# WHAT YOU SHOULD DO
Write back every line of the listing exactly, excluding images.

# COLLECTED DATA
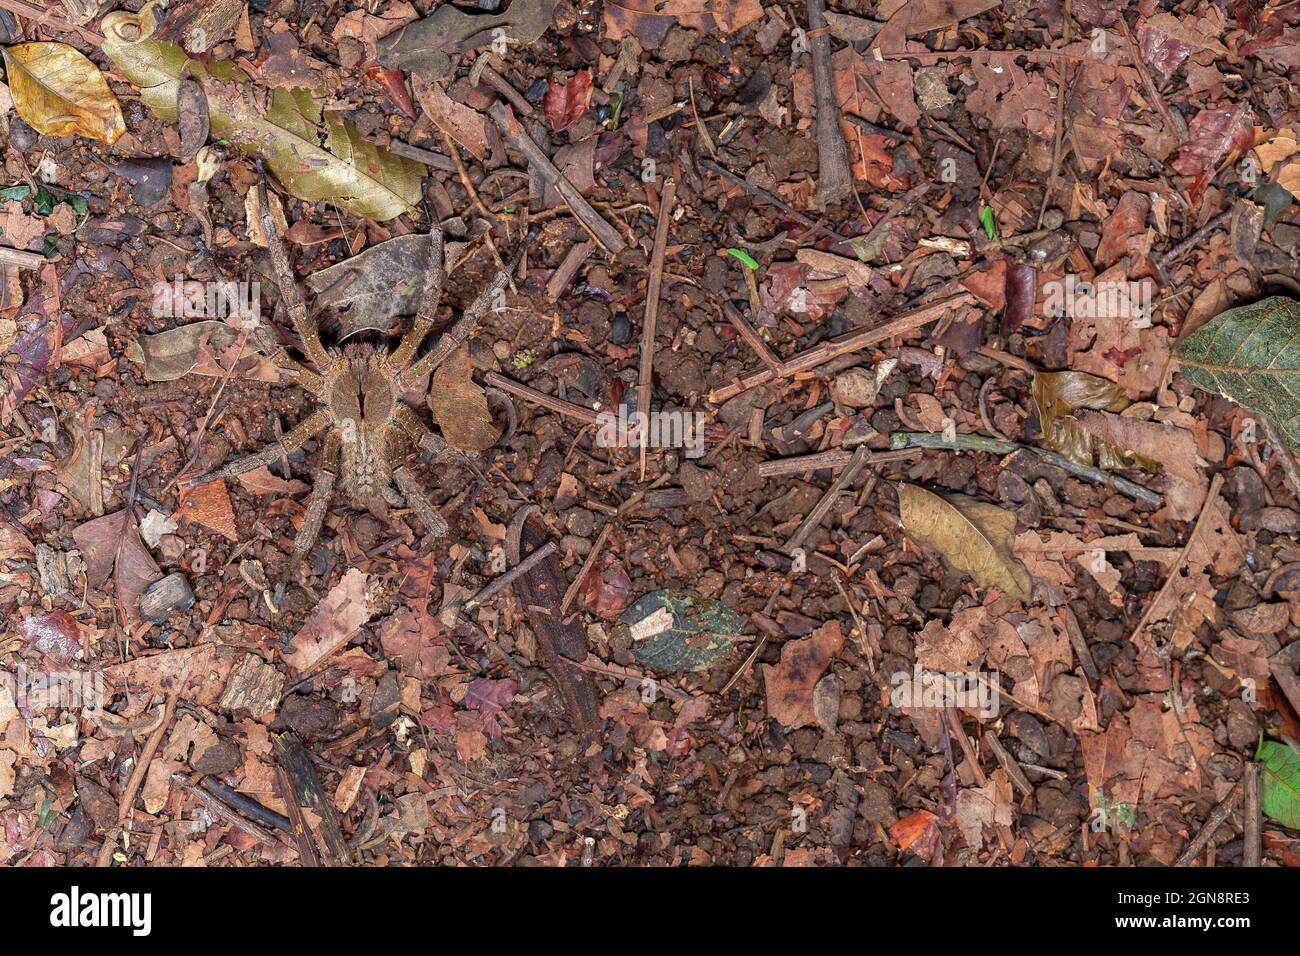 Brazilian wandering spider Phoneutria nigriventer Stock Photo
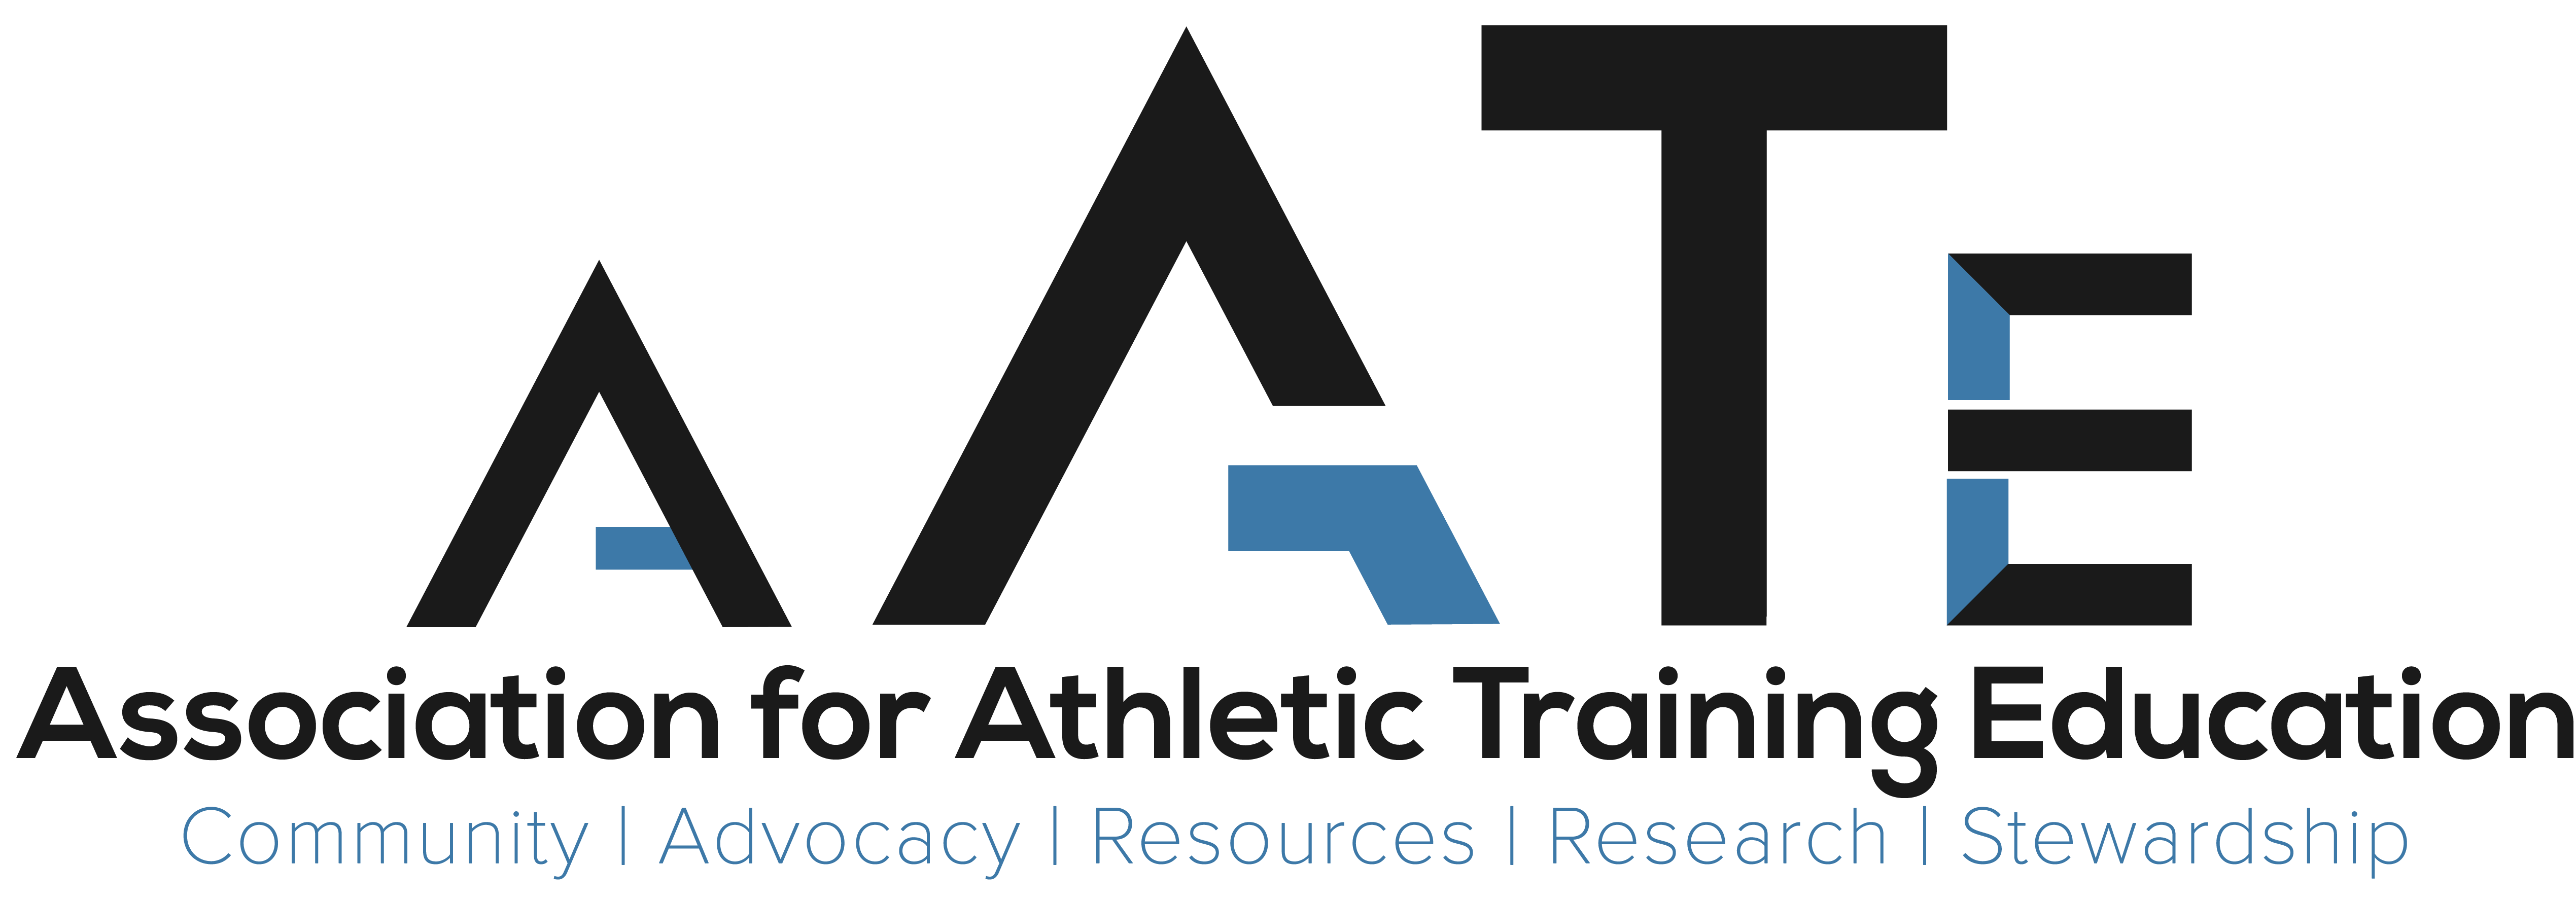 Association for Athletic Training Education
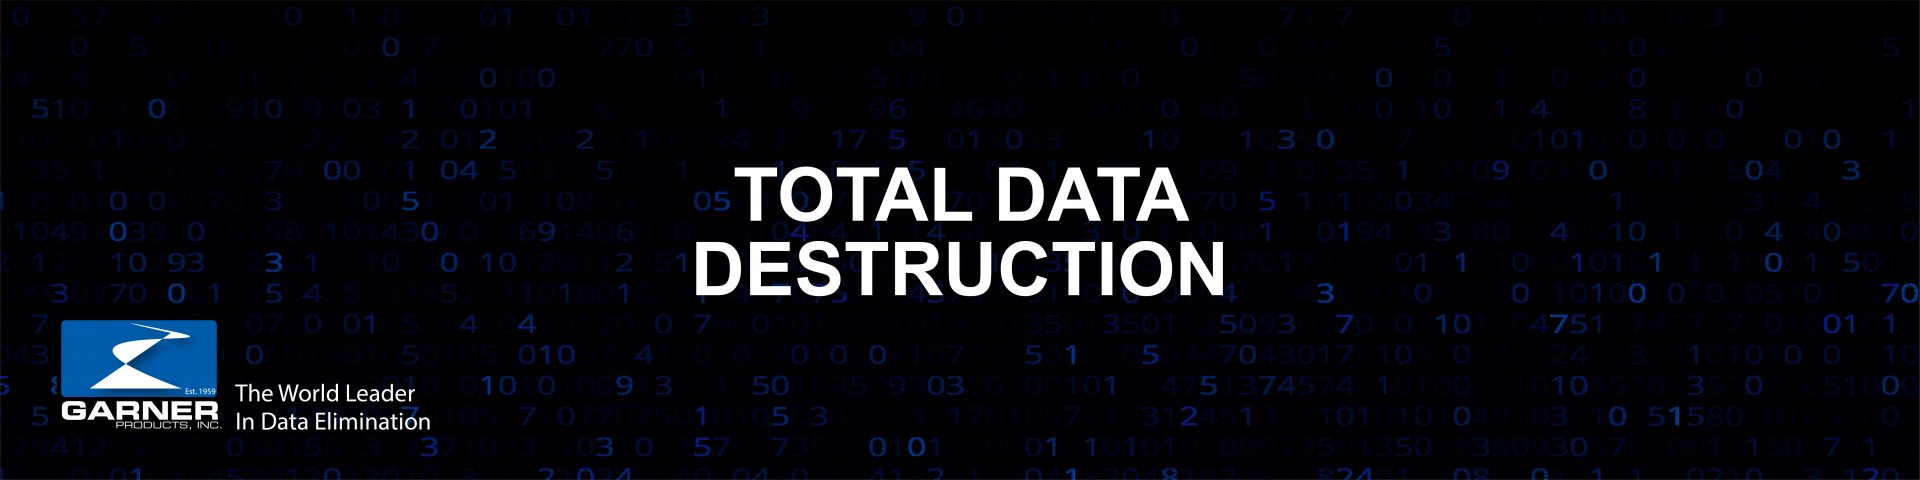 garner-total-data-destruction-1920x480

# SOLUTION BELOW
 Brazilian wandering spider Phoneutria nigriventer Stock Photo
 Association for Athletic Training Education
 garner-total-data-destruction-1920x480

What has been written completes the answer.